Господина директора обожали те, кто в гибельные времена получал еду в обмен на долговые обязательства. Господина директора ненавидели те, у кого он изъял много разного в обмен на долговые обязательства. А сам Винный не думал ни о любви, ни о ненависти окружающих, уверенно продолжая начатое, и отныне его заботила уже не только шахта Дмитровская номер два, делом его стал весь город.
А чтобы город жил и процветал, его, прежде всего, нужно хорошо кормить. И точно в назначенный срок в поля вышли огромные зерноуборочные машины, настоящие исполины в железной броне, человек рядом с которыми был подобен букашке.
Высокие трубы вокруг небольшой кабины рулевого курились густым смолистым дымом, застилавшим небо. А спрятанные во чреве котлы кипели от непрерывно подбрасываемого в топку угля и неудержимой силой пара неспешно и размерено вращали громадные колёса диковинного механизма.
"Фьють" — озорно пели острейшие лезвия, в мгновенье ока скосив десятиметровую полосу пшеницы. И снова: "Фьють, фьють…"
— Это невероятно! — ликовал Пётр Александрович и, не целясь, стрелял в задымлённое небо пробкой. — Ваши бокалы, господа. Это успех! Наш общий успех!
Вместе с уборочной техникой в поля вышли и городские руководители больших и малых калибров, а в центре, как, впрочем, всегда, господин директор с замом. Настроение было благодушным — машины работали безупречно и быстро собирали урожай. Игристое вино искрилось в предусмотрительно захваченных тонкостенных бокалах. Но, не смотря на улыбки на лицах, радовались далеко не все.

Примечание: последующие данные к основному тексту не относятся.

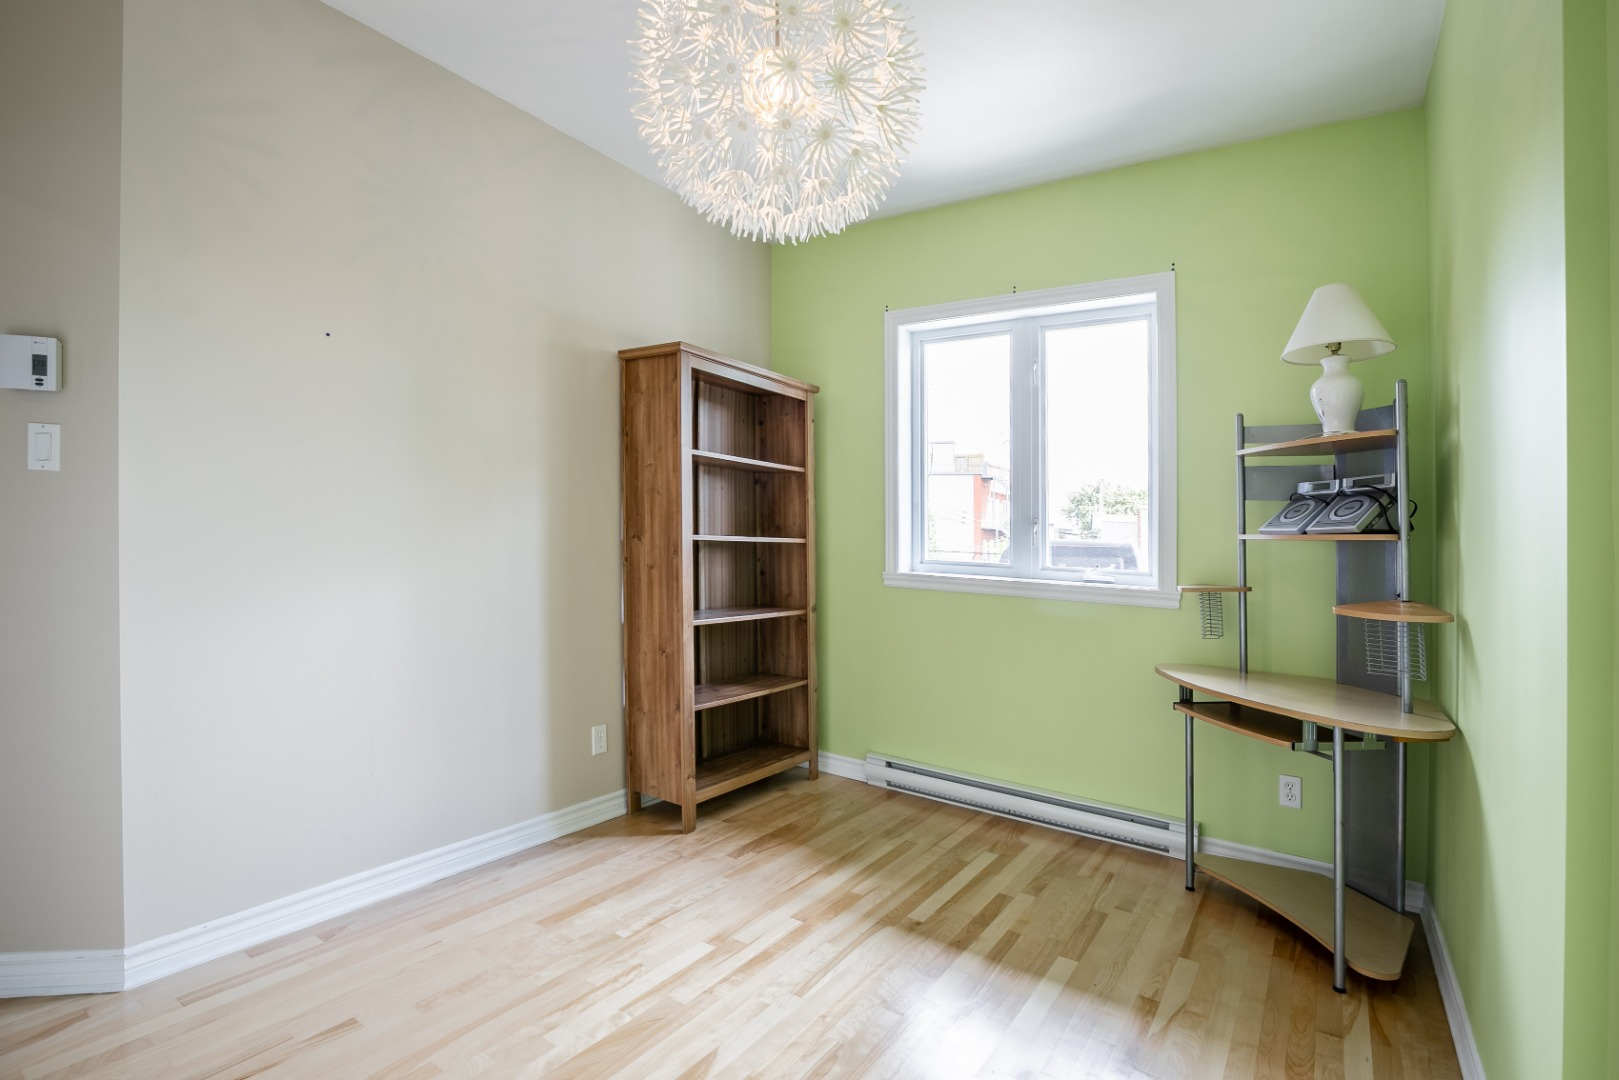 condo a vendre rosemont_montreal- 3860 rue masson_#3_AL-14.jpg

— Празднуют, веселятся, — совсем не различимо во всеобщем гвалте прошипел кто-то, но был услышан и получил ответ:
— Ничего-ничего придёт ещё наше время, вот тогда мы попразднуем…
Дойдя до конца поля, неутомимый зерноуборочный гигант дал полный ликования гудок и повернул в обратный путь.
— Пётр Александрович, — обращался Винный к своему заму, — раньше нам всё приходилось ездить скупать хлеб, а теперь тебе придётся зерно продавать.
— Продадим, Олег Васильевич, было бы что! — беззаботно отмахивался Грабко.
— Не сомневаюсь в тебе, — улыбался господин директор своему заму. — Продавай всё, что не вмещается в амбары. А я новое зернохранилище строить буду, сам понимаешь, оно нам теперь понадобиться.
Урожай собрали в кротчайшие сроки, и какой это был урожай! Столько зерна в Дмитровске не видали даже в самые сытые годы при Империи. Так нужда, запустив шестерни человеческих устремлений, стала мечтой, а мечта не устояла под натиском упорства, смекалки и труда, воплотилась в жизнь. Но преобразования и превращения на том не остановились. Всё только начиналось.
Ранним утром покидает Дмитровск первый караван: шесть тяжелогружёных зерном паромобилей с прицепами. Пётр Александрович недолго водит его по окрестным городам, споро распродаёт всё, что было взято. И вот уже возвращается обратно, и радостно взмахивают дмитровцы руками и подбрасывают к небу шапки.
— Купил два паромобиля, хорошо купил, недорого. Совсем новые. Вместительные… — отчитывался Грабко.
— Как зерно берут? — спрашивал у зама Винный.
— Отлично берут! Я цены не ломлю, смотрю по месту, торгуемся, конечно, но все остаются довольны. Представь, то ли им самим в Златополье переть за зерном, то ли у меня купить. Но соседушки наши урожай-то ещё не собрали, а я, вот он, уже на пороге стою — плати деньги и бери, сгружай.
Порадовались, отметили, и через пару дней подросший караван опять укатил продавать зерно.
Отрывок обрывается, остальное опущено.